Rosetta Stone

Data

The EUTRANS-I corpus

EUTRANS-I is a simple translation corpus which was produced and used in the EuTrans project. It corresponds to the so called "Traveller Task" which involves human-to-human communication situations in the front-desk of a hotel. Bilingual data were produced semi-automatically in three language pairs on the base of small "seed corpora", obtained from several traveler-oriented booklets. More details and experimental results can be found here. Only a benchmark version of the Spanish-English corpus is available here for academic research (300KB).

The GERMANA corpus

GERMANA is the result of digitising and annotating a 764-page Spanish manuscript entitled “Noticias y documentos relativos a Doña Germana de Foix, ́última Reina de Aragón" and written in 1891 by Vicent Salvador. A detailed description and instructions to download can be found here.

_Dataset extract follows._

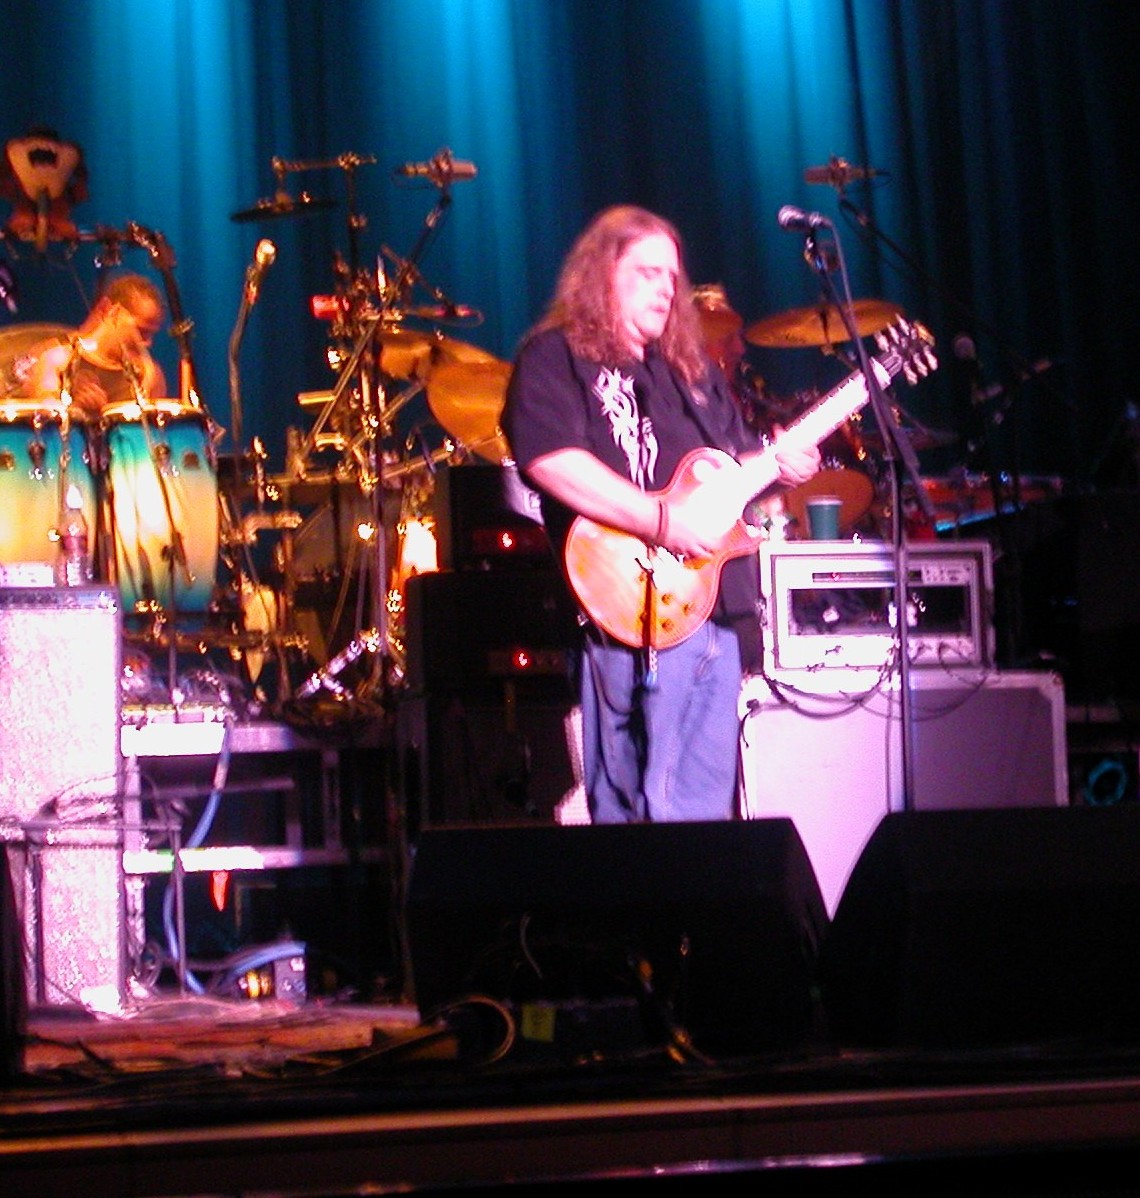 Warren playing at the Tucson, AZ show 9/17/03

The IAM-PRHLT bi-modal Handwritten Text corpus

The biMod-IAM-PRHLT corpus is a bimodal dataset of on-line and off-line handwritten text. It is composed of a set of handwritten words (500 aprox.) with several word instances of each of the on-line and off-line modalities. The off-line samples are presented as grey-level images (png format), and the on-line samples are sequences of X-Y coordinates (Unipen format, originally in xml format) describing the trajectory of an electronic pen while writing the same word. The writers of the on-line and off-line samples are (generally) different. A more detailed description and instructions to download can be found here.